Can assumption of risk defeat a concussion lawsuit?
This is actively litigated. Courts are increasingly skeptical of broad assumption of risk defenses in concussion cases, particularly when organizations failed to follow their own concussion protocols or concealed the risks of head trauma from athletes. The NFL's $1 billion concussion settlement was partly driven by the weakness of its assumption of risk defense given evidence the league concealed known concussion risks.
Does assumption of risk apply to spectators at sports events?
Partially. Spectators assume some inherent risks — a baseball fan sitting near the field assumes the risk of errant foul balls, which is why MLB stadiums are not required to net every section. However, spectators do not assume risks created by facility negligence, structural failures, or conditions beyond what any reasonable spectator would expect.
Can a child assume the risk of a sports injury?
Children can assume risks appropriate to their age and experience, but courts apply a modified standard that takes immaturity into account. Parental waivers signing away a child's right to sue are often unenforceable. If your child was injured in youth sports due to facility or organizational negligence, the assumption of risk defense is much weaker than it would be for an adult plaintiff.
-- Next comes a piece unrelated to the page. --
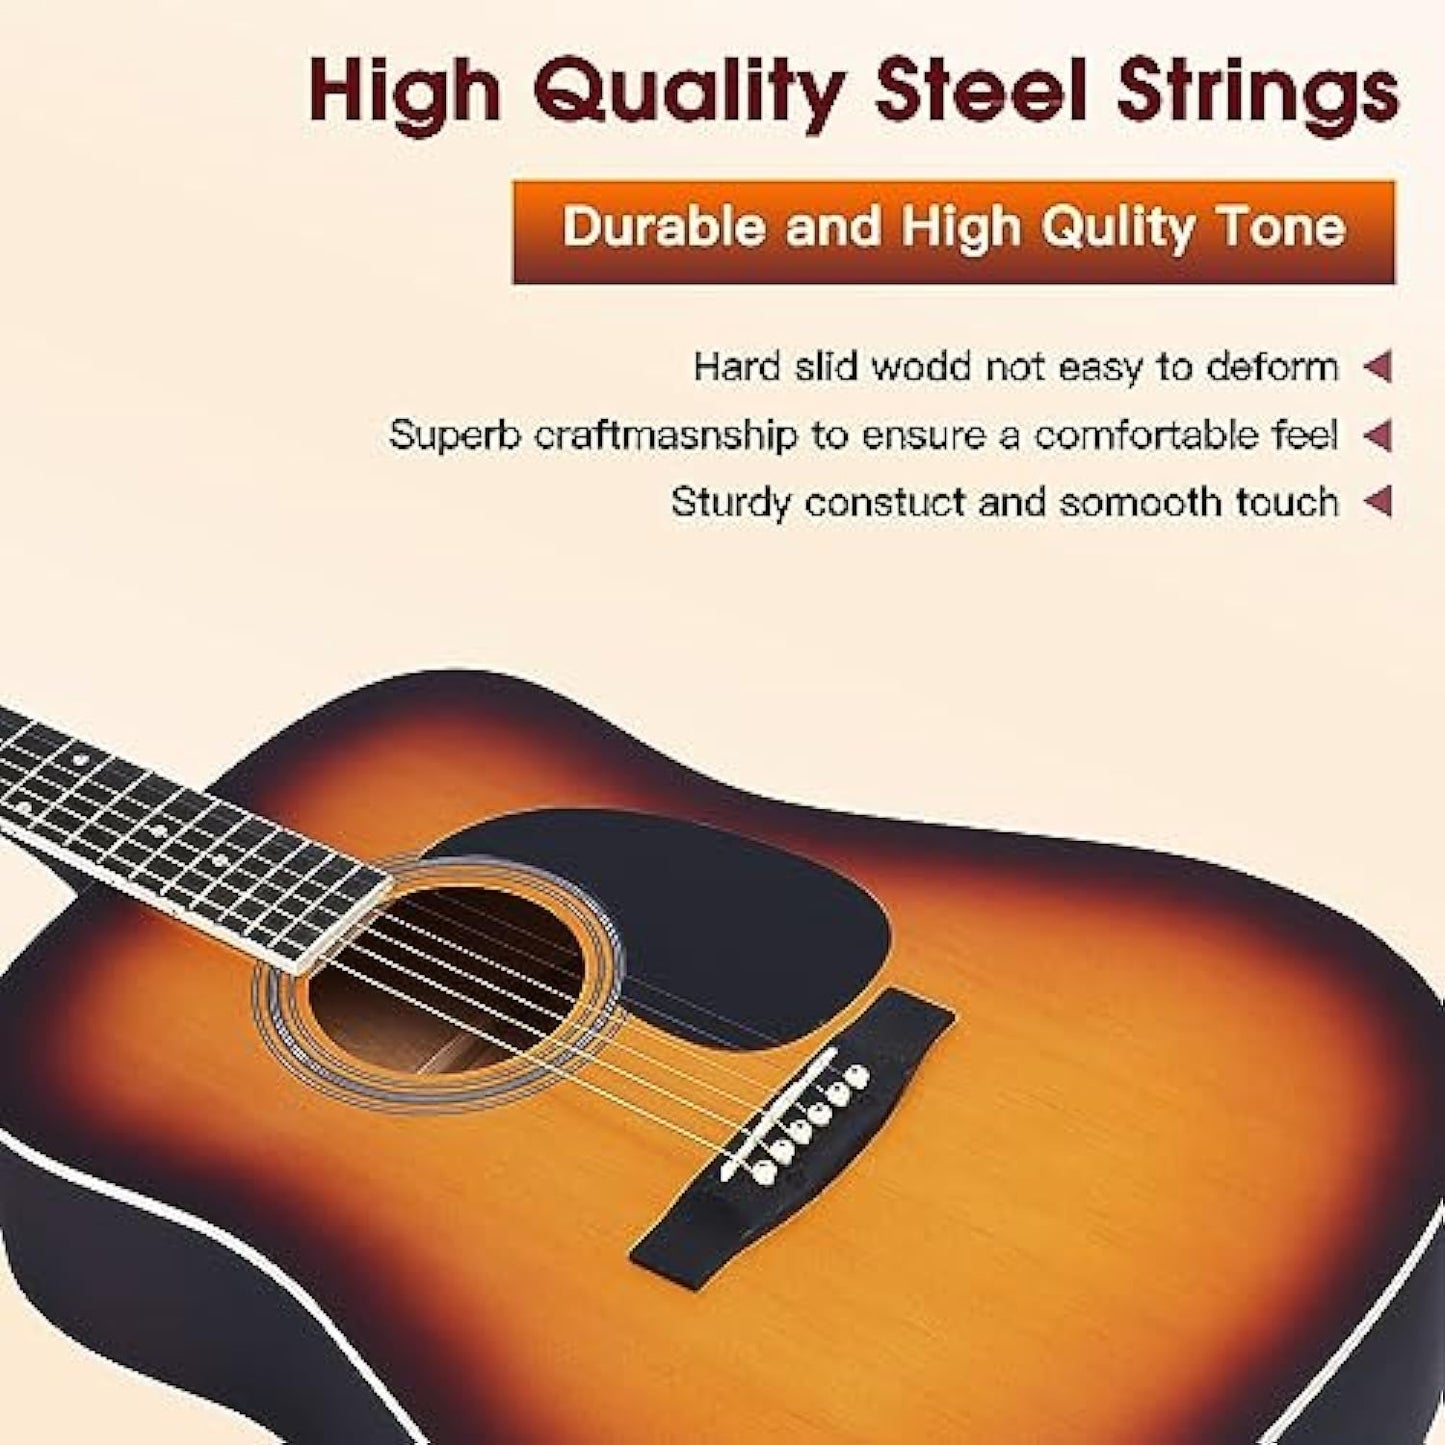 ADM Dreadnought Acoustic Guitar Kit with Free Online Lesson for Beginner Adult Teen Full Size Acustica Guitarra Starter Bundle Set

What if I was injured by an unknown risk I wasn't warned about?
Assumption of risk requires knowledge of the specific risk. If a facility or organization was aware of a dangerous condition and failed to warn participants, and that condition was not an obvious inherent risk of the sport, assumption of risk is unlikely to bar your claim. The duty to warn is a component of the duty of care, and failure to warn can itself constitute actionable negligence.
Conclusion
The assumption of risk doctrine is a real and powerful defense in sports injury cases — but it is not the all-encompassing shield that many defendants claim it to be. Athletes accept the inherent physical risks of their chosen sports, but they do not accept the risk of negligently maintained facilities, reckless coaching decisions, defective equipment, or organizations that willfully ignore established safety protocols. The key legal principle to remember is this: assumption of risk covers what is genuinely inherent to the sport; it does not cover injuries caused by someone else's preventable failures. If you've been injured in a sports context and faced an assumption of risk defense, analyze whether your injury truly fell within normal sport risks or whether negligence created a risk that goes beyond what you voluntarily accepted. Consulting an experienced sports injury attorney is the most reliable way to make that assessment and determine whether your case can succeed despite this common defense.